I am glad that there is a thread about the issue of taking credit for someone else's work. Incredibly, I find this to be at the heart of other issues that the movie addresses, yet I cannot find a review that deals with this.
That Julie doesn't care to go by name is suggested elsewhere in the film. She takes an apartment anonymously, as taking an apartment in her maiden name is also seen to be a way that nobody should be able to find her. And yet they do. Just as it is revealed that she is the composer of the music. She cannot hide in taking an apartment in anonymity any more than she can escape the music that she has created.
Similarly, her mother calls her by her mother's sister's name. Rather than repeatedly correcting her mother or feeling bad about this, Julie accepts that her mother does not recognize her. It does not add to the other losses that she has experienced. She takes it as a given that her own mother doesn't know her by name. Just as she will finally accept that nobody will know that she composed her husband's music.
This might, in fact, be the "liberty" that the film is really about. The generosity that we see born out of Julie's discoveries after the loss of her husband and her daughter include the freedom that she chooses: to go without that which finally rekindles her life--the music--so that she doesn't have to have the vain trappings that her husband evidently enjoyed during his life owing to his taking recognition for being a composer that he wasn't.
As for these trappings, I believe that one of the photo montages of Patrice even shows him as a recipient of the Legion of Honor. I could be wrong about that. Still, Julie never takes part in these trappings. All pictures of Patrice in his vainglory show him enjoying the spotlight without Julie. In fact, the photomontages seem obvious. I.e. it appears that they have been constructed, i.e. that the character, Patrice, has been obviously superimposed into as much as onto situations designed to honor him.

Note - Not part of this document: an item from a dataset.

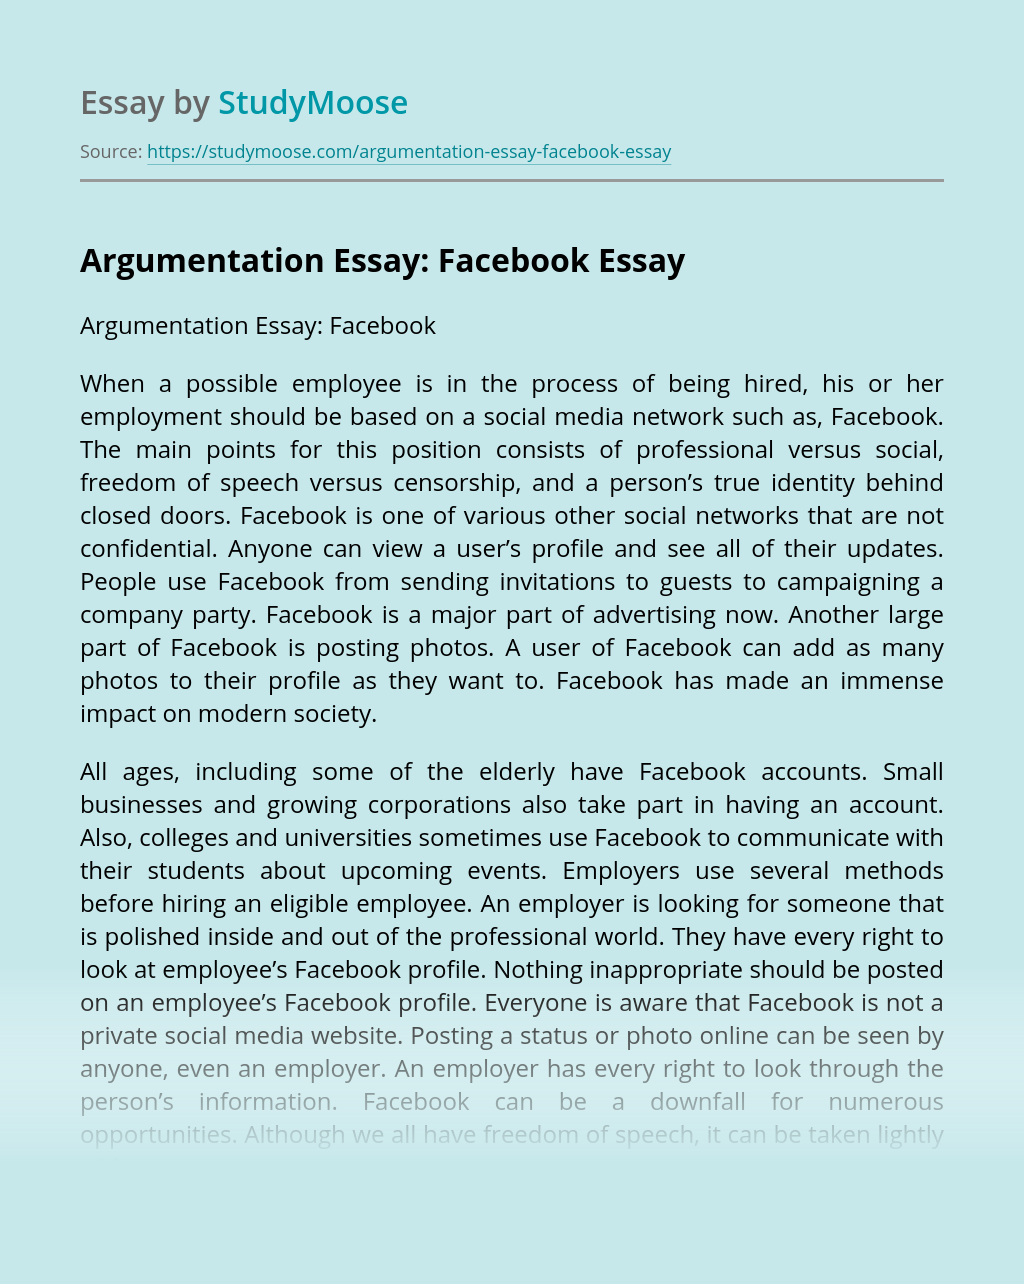 Argumentation Essay: Facebook

Is this deliberate or is it that today, 14 years after the film first appeared, the technology of photoshop et al are much better? I prefer to think that as Kieslowski was a master of montage, these clumsy montages were made that way on purpose, as if to suggest that this man, Patrice, really wasn't there.
The reviewer who touched on the chorus being from "Corinthians" here may be right on point. And, as well, the Greeks had several forms of love which the French, at least in social theory in the works of Luc Boltanski and others when the film was made, were even exploring for social theory.
Charity is seen as the highest form of love. Greater than eros and the third form of love that the Greeks recognized. Which I am forgetting as I write this...
Julie, I think when I see the film, must have let her husband take credit for her work out of her love for him as much as out of a recognition that he needed some form of credit more than he needed or was actually able to be a true creator.
She loved him and gave him this music because he loved her. Even when she finds out that he had another love, the lawyer who he knocked up and to whom he gave a necklace just like he gave Julie, Julie gives his other love their house in the country. Real charity.
Julie's love is put to the test when she has a chance to become known as the composer at the very end. Then she finds out that Olivier, Patrice's aid, is somewhat like Patrice.
Olivier seems to love Julie, as he has bought the mattress from the country house on which they had one night of love making. He tells Julie that he loves her when she asks him.
Yet Olivier, like Patrice, prefers the spotlight. He prefers that his awkward music be showcased than that the world have a true masterpiece, i.e. Julie's music. That is what I get from his last words to Julie. He uses what he takes to be her weakness, i.e. her generosity, to do exactly what her husband has done. He does not let it be known, in effect, that Julie is the artistic genius who has created masterpiece after masterpiece.
I guess that for me the issue of Patrice's (and Olivier's) vanity highlights how Julie achieves her liberty. Not through renunciation. Not in hiding. But in making choices. The choice to help the hooker keep her apartment. The choice to befriend the flautist outside the cafe where she goes in the afternoons. The choice to let Olivier, like Patrice, take credit because they are not true creators.